Ahh, numeric with unspecified precision has the special meaning that it will
retain whatever precision is stored in the column. From
https://www.postgresql.org/docs/9.1/static/datatype-numeric.html#DATATYPE-NUMERIC-DECIMAL
:
"Specifying: NUMERIC without any precision or scale creates a column in which
numeric values of any precision and scale can be stored, up to the
implementation limit on precision. A column of this kind will not coerce input
values to any particular scale, whereas numeric columns with a declared scale
will coerce input values to that scale. (The SQL standard requires a default
scale of 0, i.e., coercion to integer precision. We find this a bit useless. If
you're concerned about portability, always specify the precision and scale
explicitly.)"
So even though the JDBC driver reports a precision of zero, it actually means
arbitrary precision when it is on a numeric/decimal column.

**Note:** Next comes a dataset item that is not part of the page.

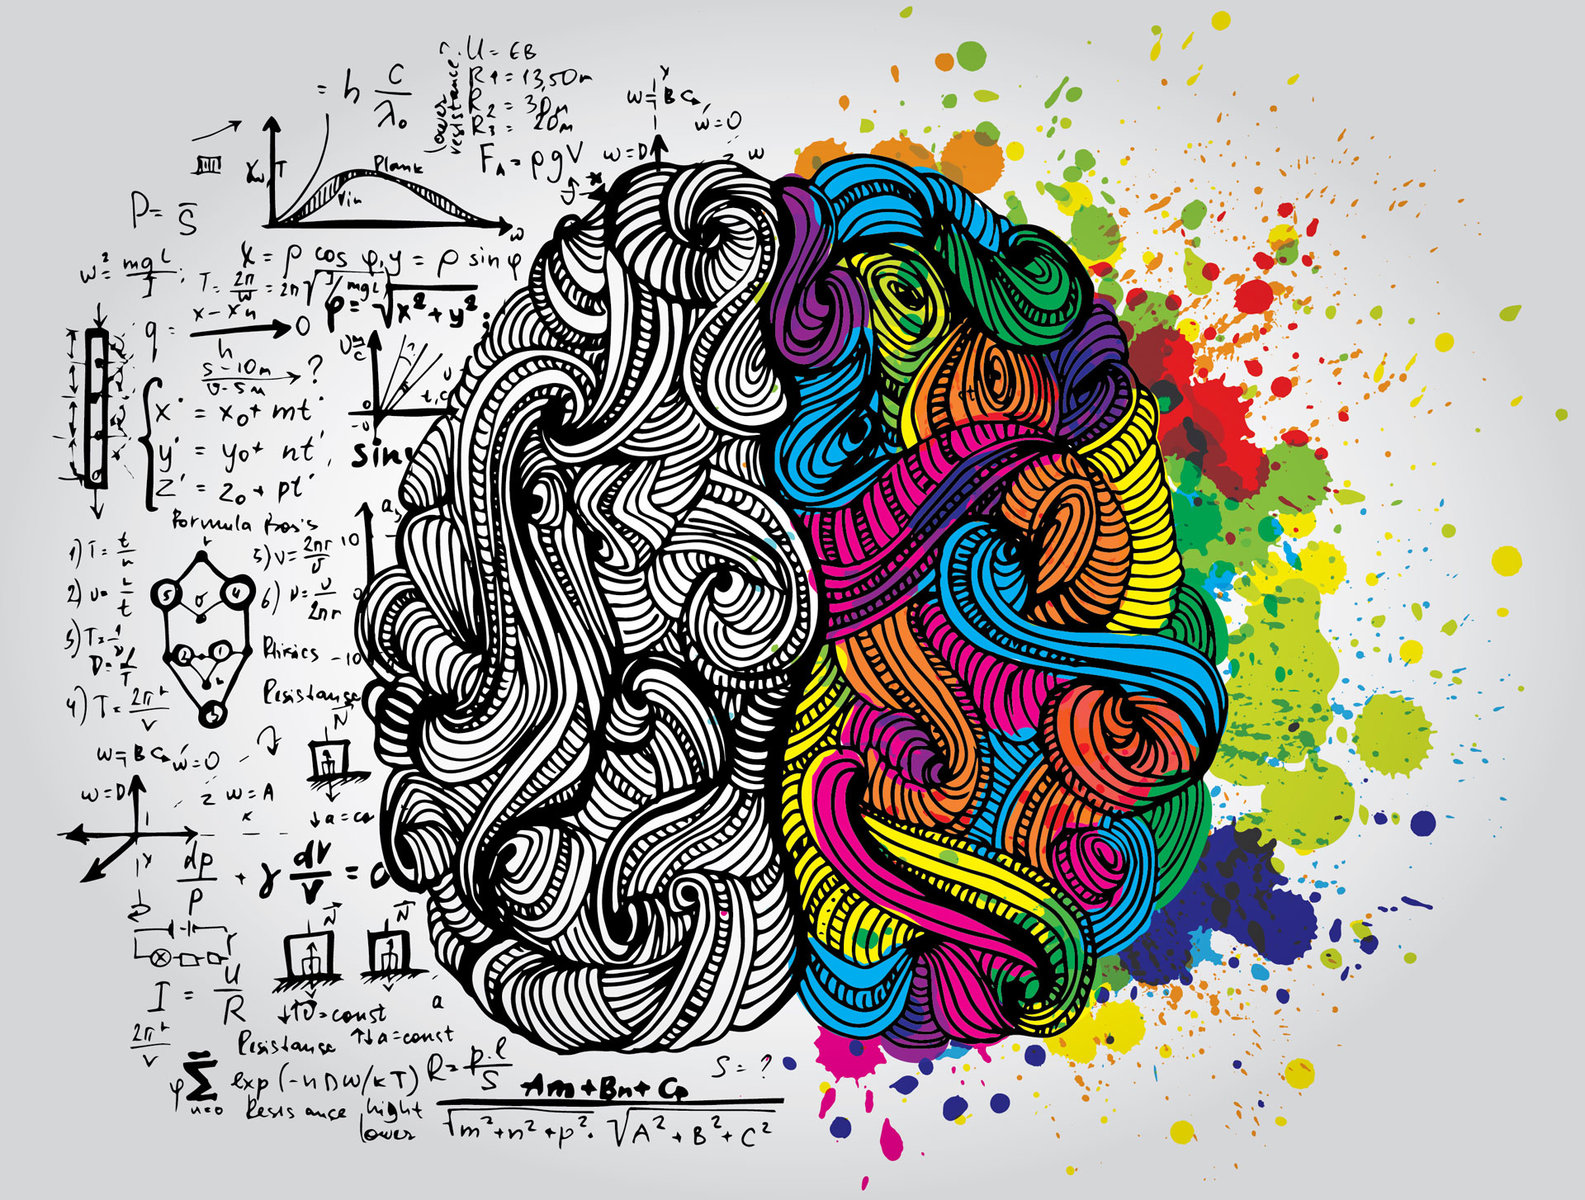 7 διαφορές μεταξύ των ανθρώπων που σκέφτονται με το δεξί ή το αριστερό μέρος του εγκεφάλου τους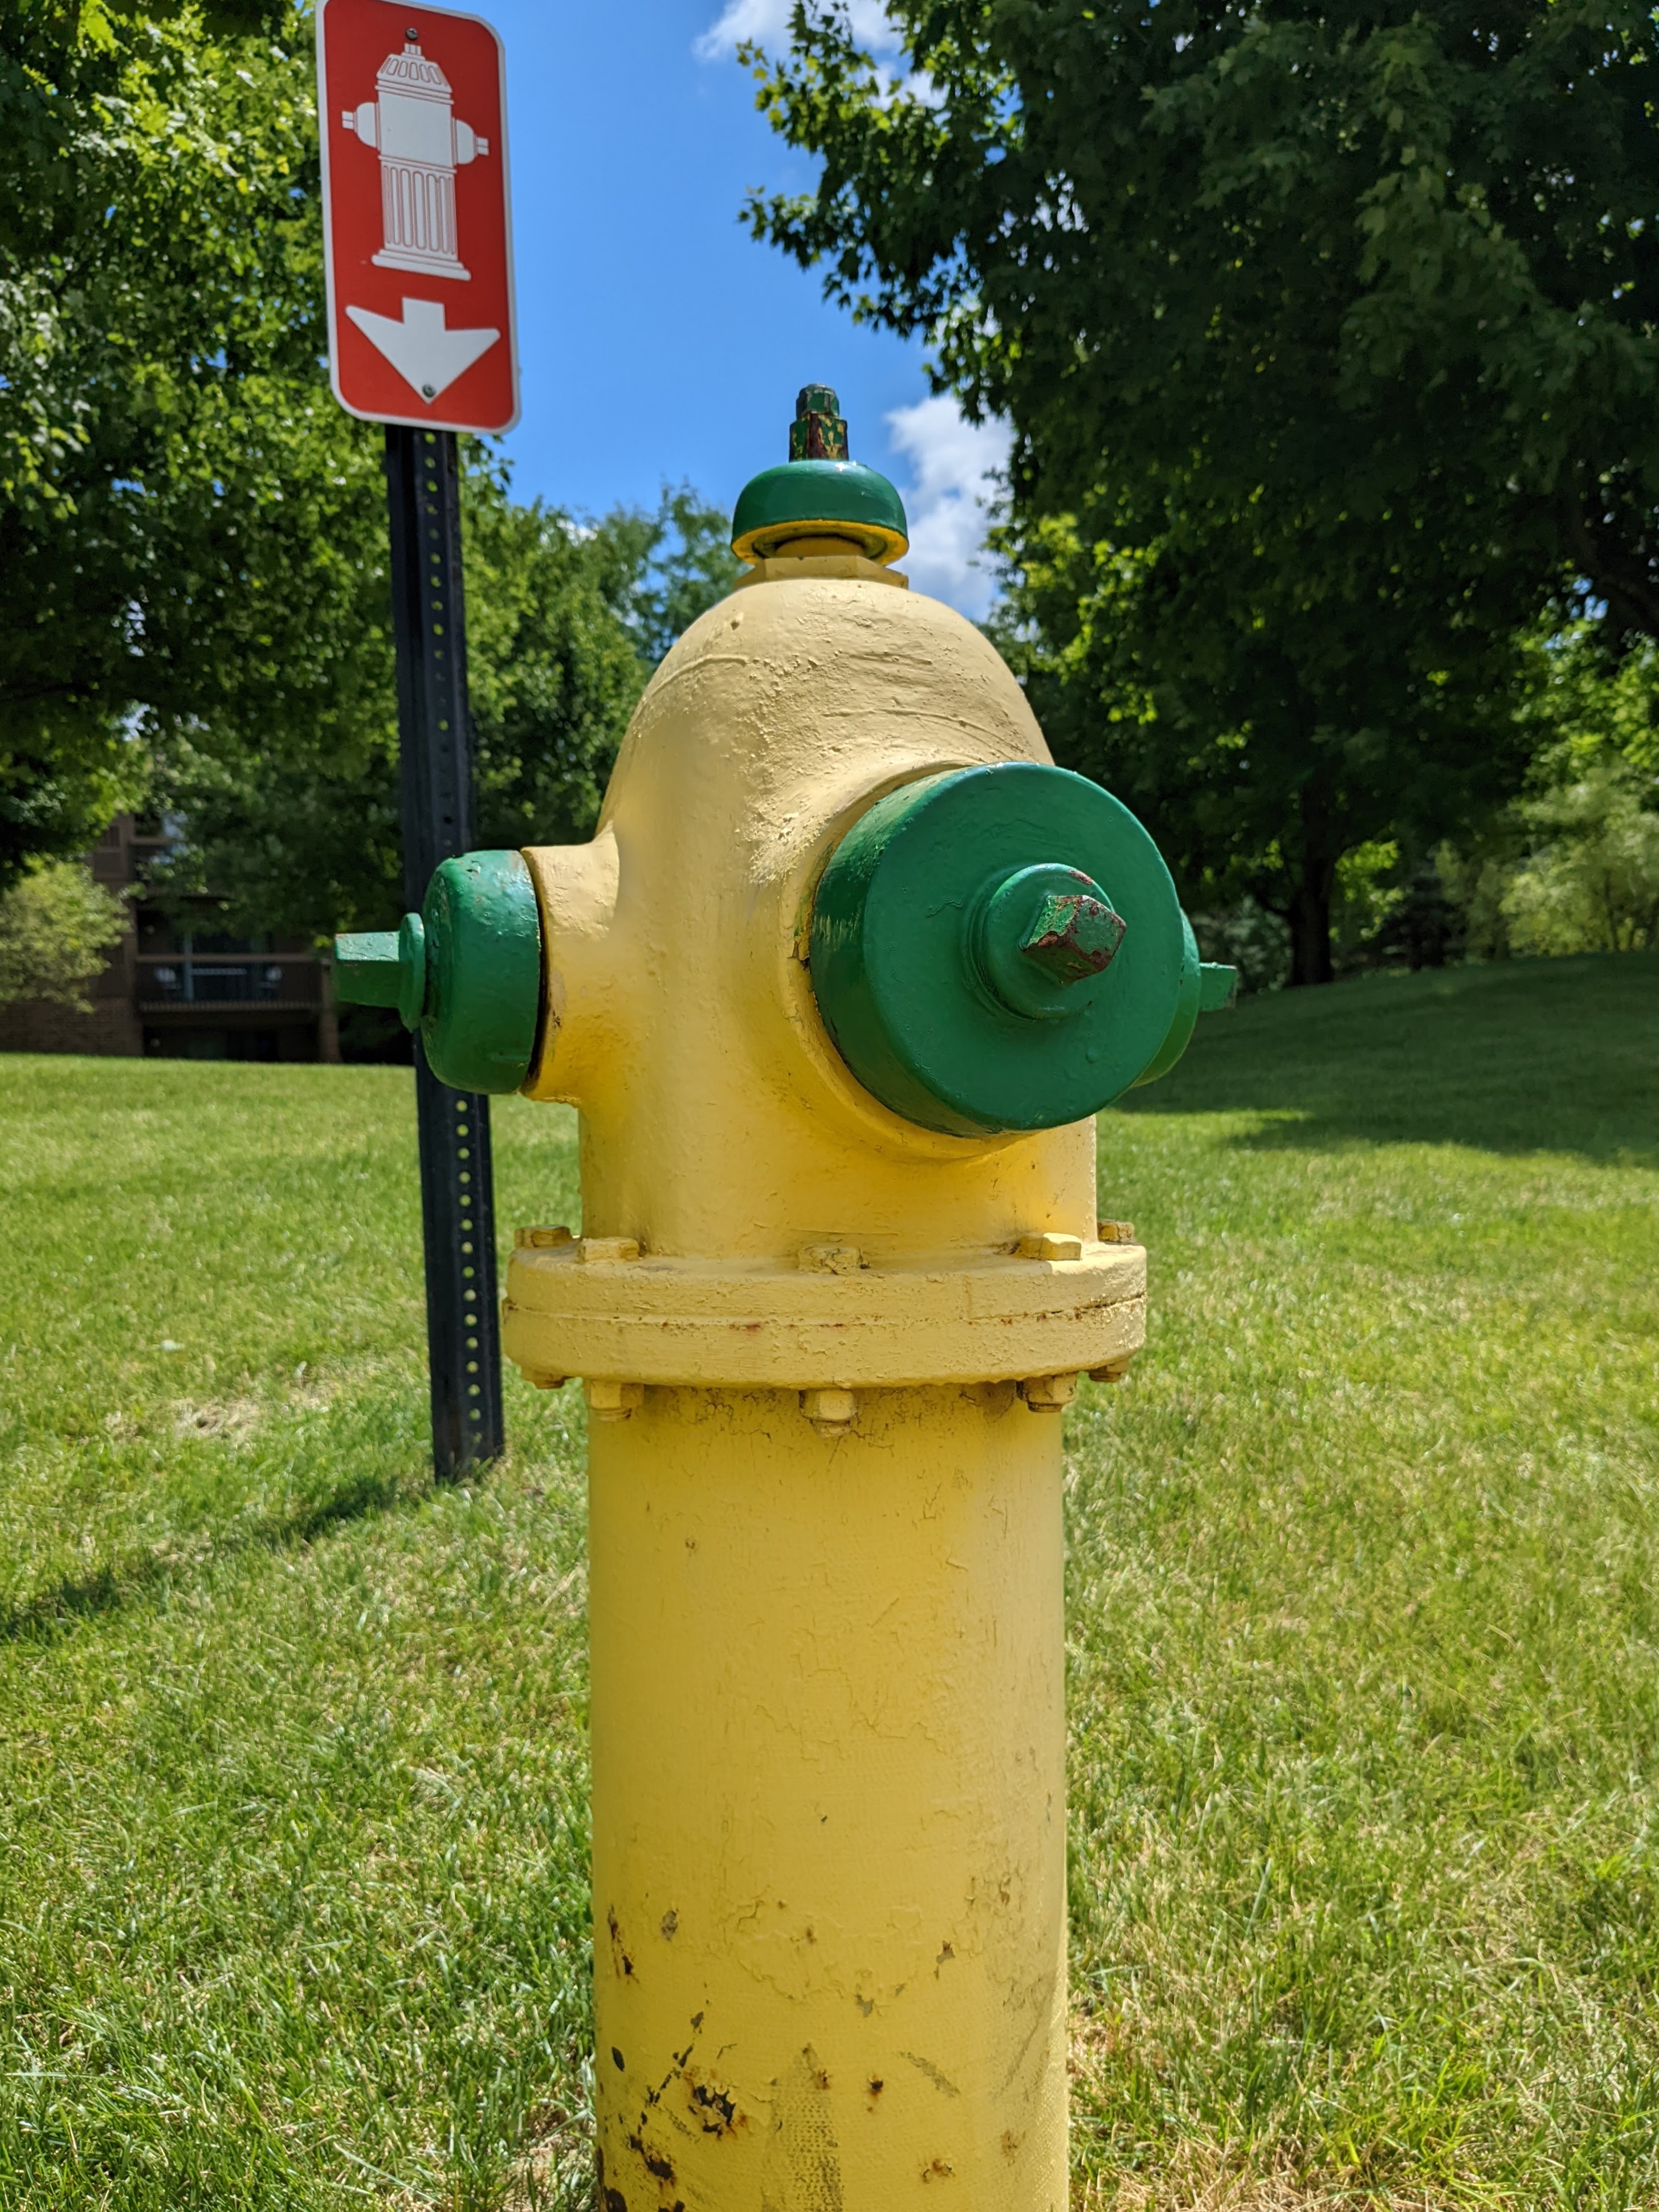 Un idrante antincendio giallo con un cartello rosso dietro.

I'm guessing that
extending SqlDialect.getCastSpec(RelDataType) in PostgresqlSqlDialect is the
right place to fix this?
-Marc
> On Oct 31, 2017, at 11:38 AM, Julian Hyde <[email protected]> wrote:
>
> I don’t recall whether DECIMAL without precision + scale is even valid. (Or,
> if Calcite treats it a “valid”, maybe Calcite is wrong, and should be giving
> an error.)
>
>> On Oct 31, 2017, at 7:07 AM, Marc Prud'hommeaux <[email protected]> wrote:
>>
>>
>> I understand, and I agree that the behavior is a sensible compromise. But in
>> this case, price is a decimal column, and so the average call should also be
>> a decimal, wheres it is being rounded to an integer (actually, a DECIMAL(19,
>> 0) as you can see in the server log).
>>
>> However, it looks like this might only be an issue with PostgreSQL:
>>
>> 0: jdbc:calcite:schemaType=JDBC> select "price" from "products" limit 1;
>> +---------------------+
>> | price |
>> +---------------------+
>> | 25.99 | <-- price is a decimal...
>> +---------------------+
>> 1 row selected (0.217 seconds)
>>
>> 0: jdbc:calcite:schemaType=JDBC> select avg("price") from "products";
>> +---------------------+
>> | EXPR$0 |
>> +---------------------+
>> | 20 | <-- ... but the average isn't
>> +---------------------+
>>
>> 1 row selected (0.063 seconds)
>>
>> 0: jdbc:calcite:schemaType=JDBC> select avg(cast("price" as decimal)) from
>> "products";
>> +---------------------+
>> | EXPR$0 |
>> +---------------------+
>> | 20 | <-- casting to a non-precision decimal doesn't
>> help...
>> +---------------------+
>> 1 row selected (0.067 seconds)
>>
>> 0: jdbc:calcite:schemaType=JDBC> select avg(cast("price" as decimal(6,4)))
>> from "products";
>> +--------+
>> | EXPR$0 |
>> +--------+
>> | 20.0151| <-- but specifying the precision does
>> +--------+
>> 1 row selected (0.066 seconds)
>>
>>
>>
>> Perhaps Calcite is missing the precision of the column when it reads the
>> metadata, or the driver is misreporting the precision? Because executing
>> directly against the PostgreSQL driver yields the correct behavior:
>>
>> 0: jdbc:postgresql://localhost/dvdstore> select avg(cast("price" as
>> decimal)) from "products";
>> +-----------------------+
>> | 20.0151000000000000 |
>> +-----------------------+
>> 1 row selected (0.022 seconds)
>>
>>
>> I’ll dig a bit further and submit a PR if I can find a fix.
>>
>> Thanks for your help!
>>
>> -Marc
>>
>>
>>
>>> On Oct 30, 2017, at 11:16 AM, Julian Hyde <[email protected]> wrote:
>>>
>>> The bug explains the current behavior. The behavior is not what everyone
>>> would like, but it is what it is. I happen to like it because it is simple.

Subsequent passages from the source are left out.